We live in a culture that upholds individual passions. If you were to share that burning desire with your peers, I imagine most would encourage its pursuit. Certainly, this is the message of our commercials and billboards: Find yourself and pursue your dreams. This is where Disney's Soul begins. But as we shall see, it does not end there.

The story centers around the protagonist, Joe, whose lifelong dream is to play on the major jazz stage with the greats. He is a gifted jazz pianist, and we can't help but feel like his talents aren’t being fully realized in his position as a music teacher. This is where conventional cultural wisdom comes in. When he is offered a full-time position at the school, a financially sound decision supported by his mother, he struggles to accept it because it may keep him from being able to pursue greater opportunities. As viewers reared in North American culture, we feel likewise.

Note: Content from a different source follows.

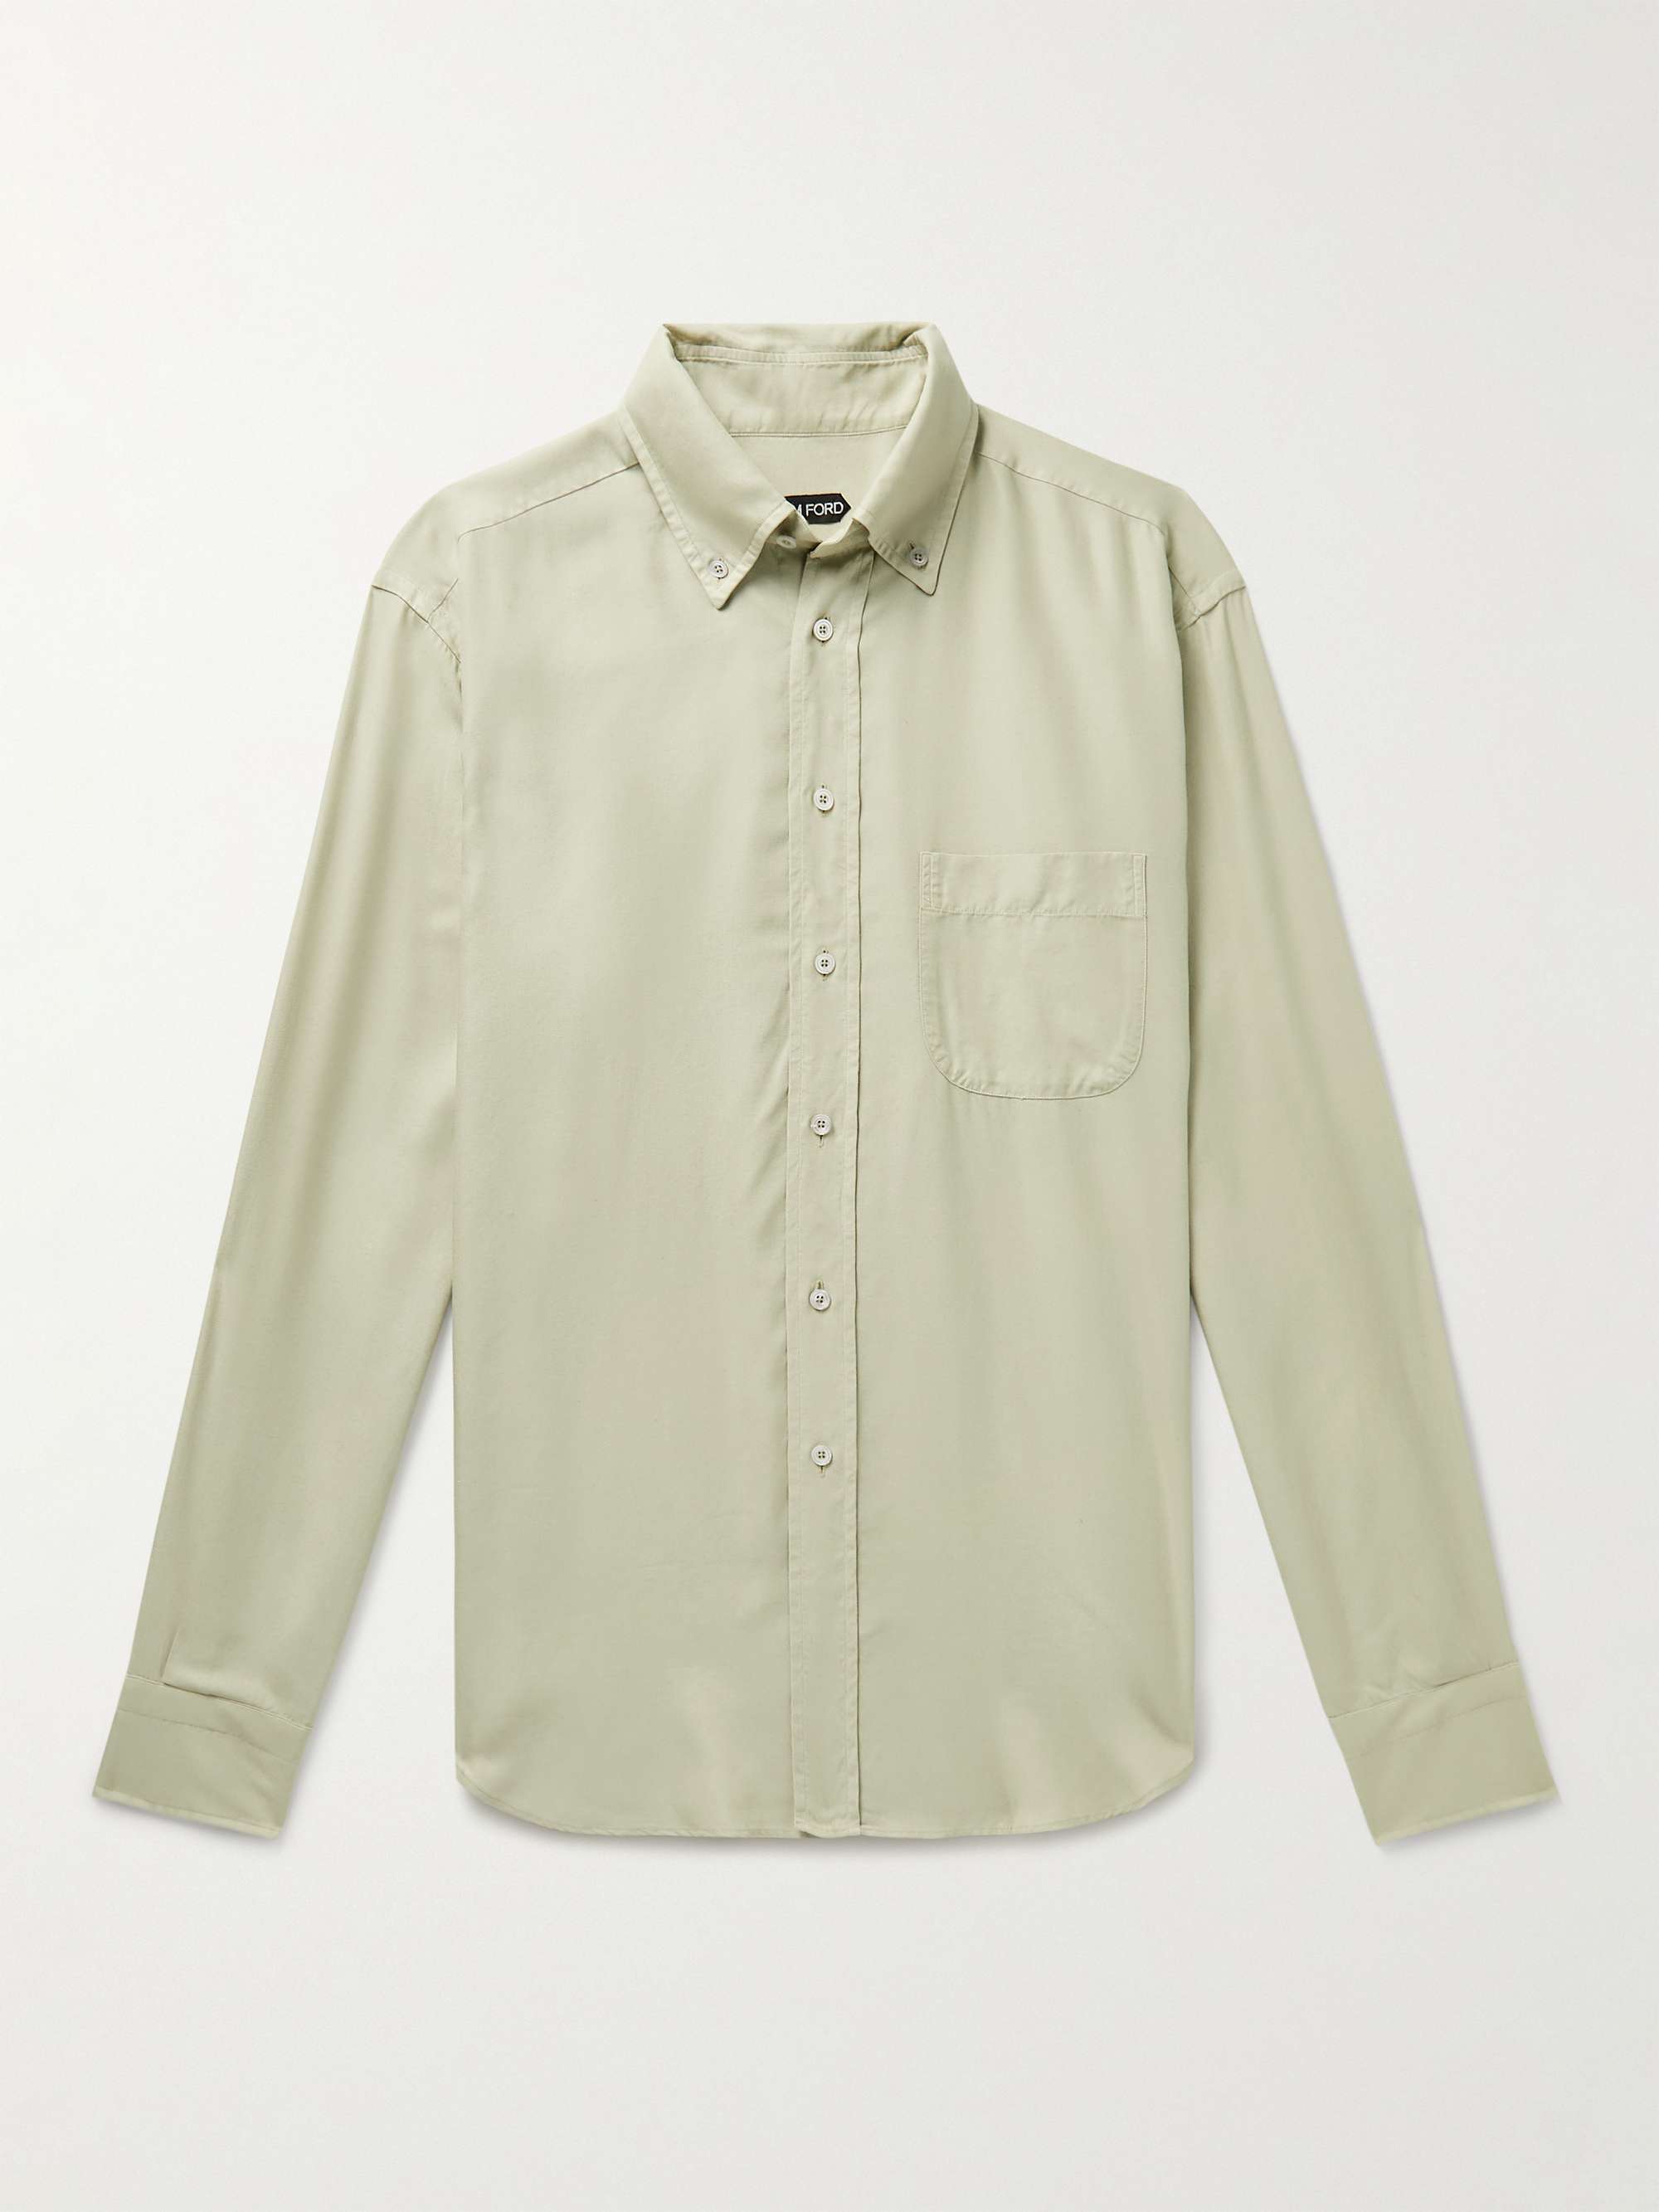 TOM FORD Button-Down Collar Garment-Dyed Lyocell Shirt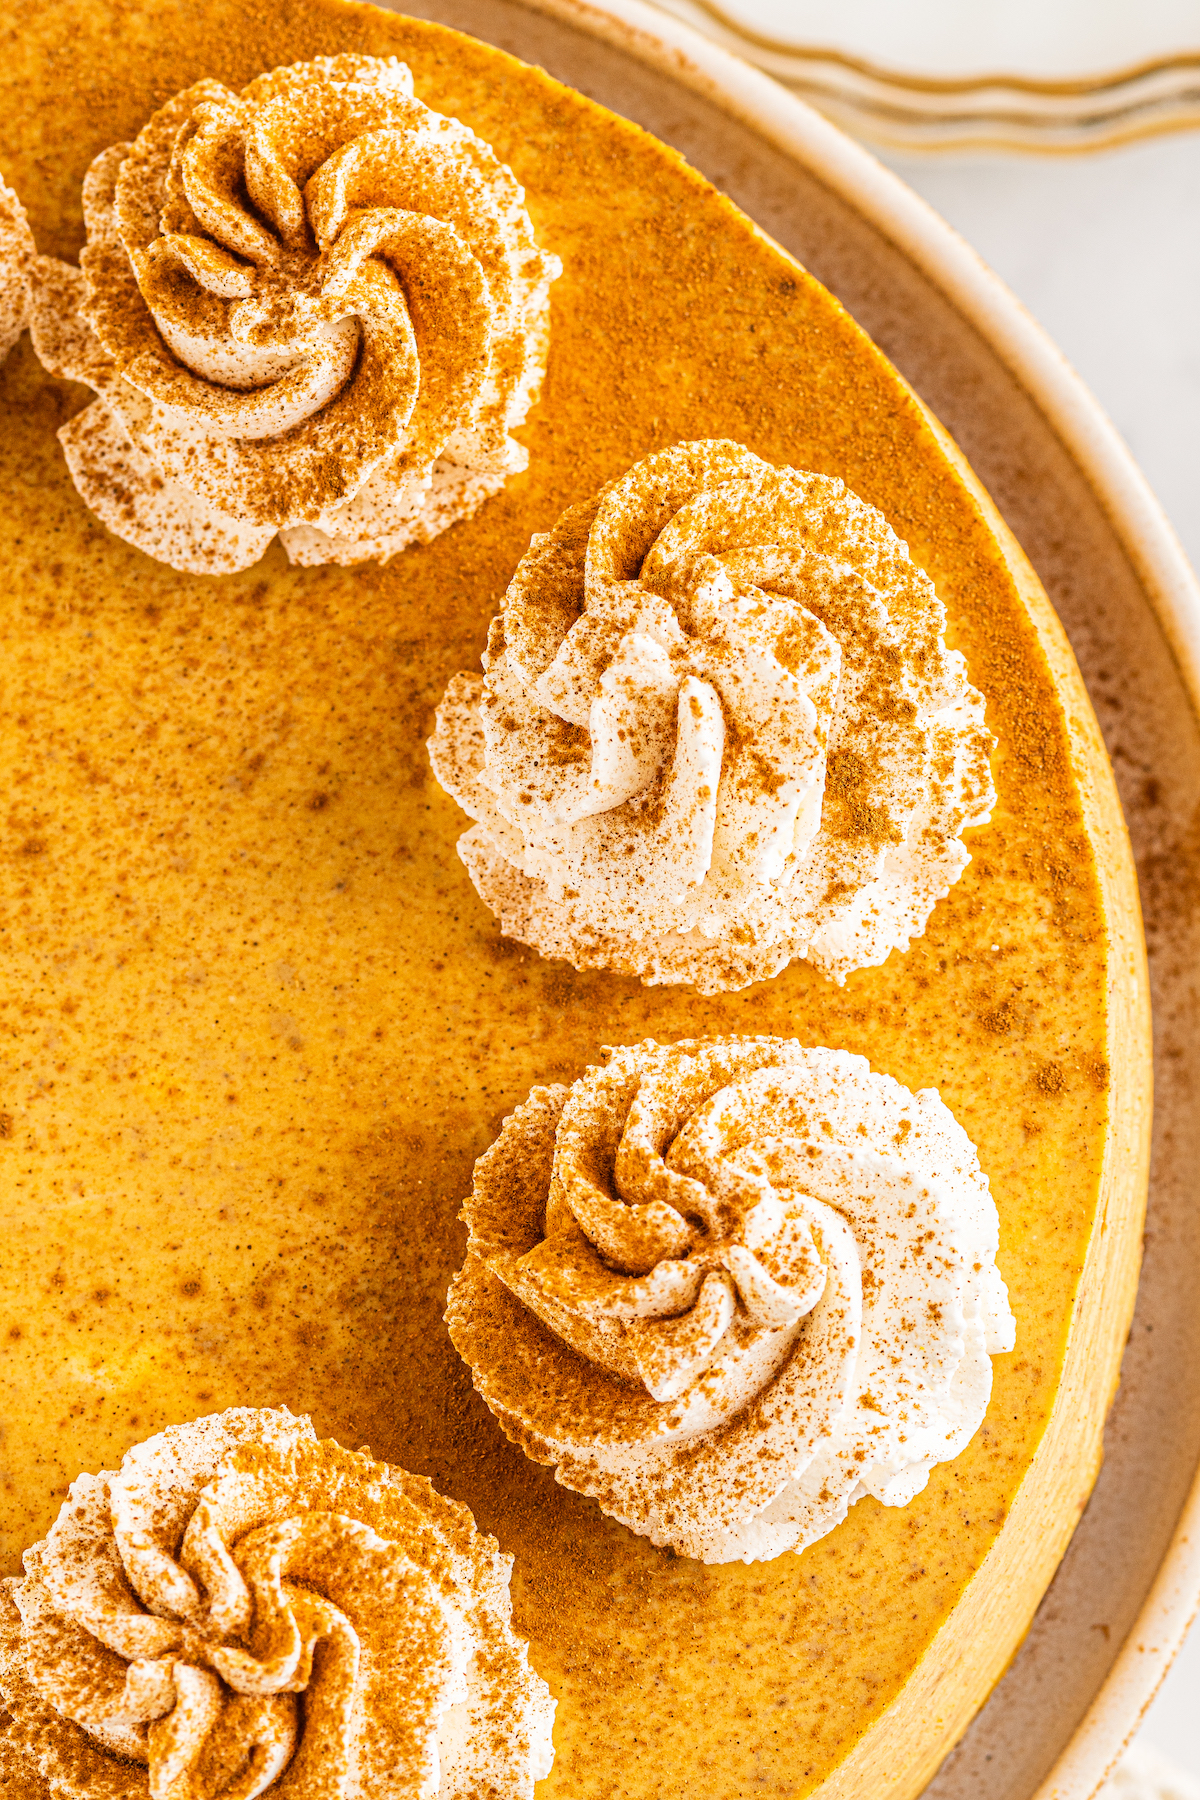 Close-up, overhead shot of pumpkin cheesecake garnished with whipped cream.

Fortunately for Joe, the opportunity of a lifetime arises for him to play piano with the famous jazz musician Dorothea Williams. We're excited. It's the cultural dream coming to fruition. But just as the fateful date approaches, he falls down a manhole and enters into a coma.

Unconscious, Joe enters into the Great Beyond. But rather than continuing on to life after death, he finds himself in the Great Before, a place where not yet born souls are being prepared for life on Earth. Here he encounters a soul who has failed to launch to Earth, 22. This young soul has never found her spark in life, and it means she has never been able to go to Earth. Yet through a series of events, the unlikely pair find themselves back on Earth, Joe in the body of a cat and his new friend 22 in Joe's original body. The narrative begins to pivot.

Up until this point, we, like Joe, are fixated on coming back to life to play jazz. After all, we are primed to pursue opportunities. We live in a world of constant change, and potential is the name of the game. Even our work reflects this trend. The sociologist Richard Sennett has pointed out how we have shifted in our rhetoric around work from stable and long accomplished careers to shifting from one place to the next, always looking to the future. Of course, we must rise from the dead to play jazz.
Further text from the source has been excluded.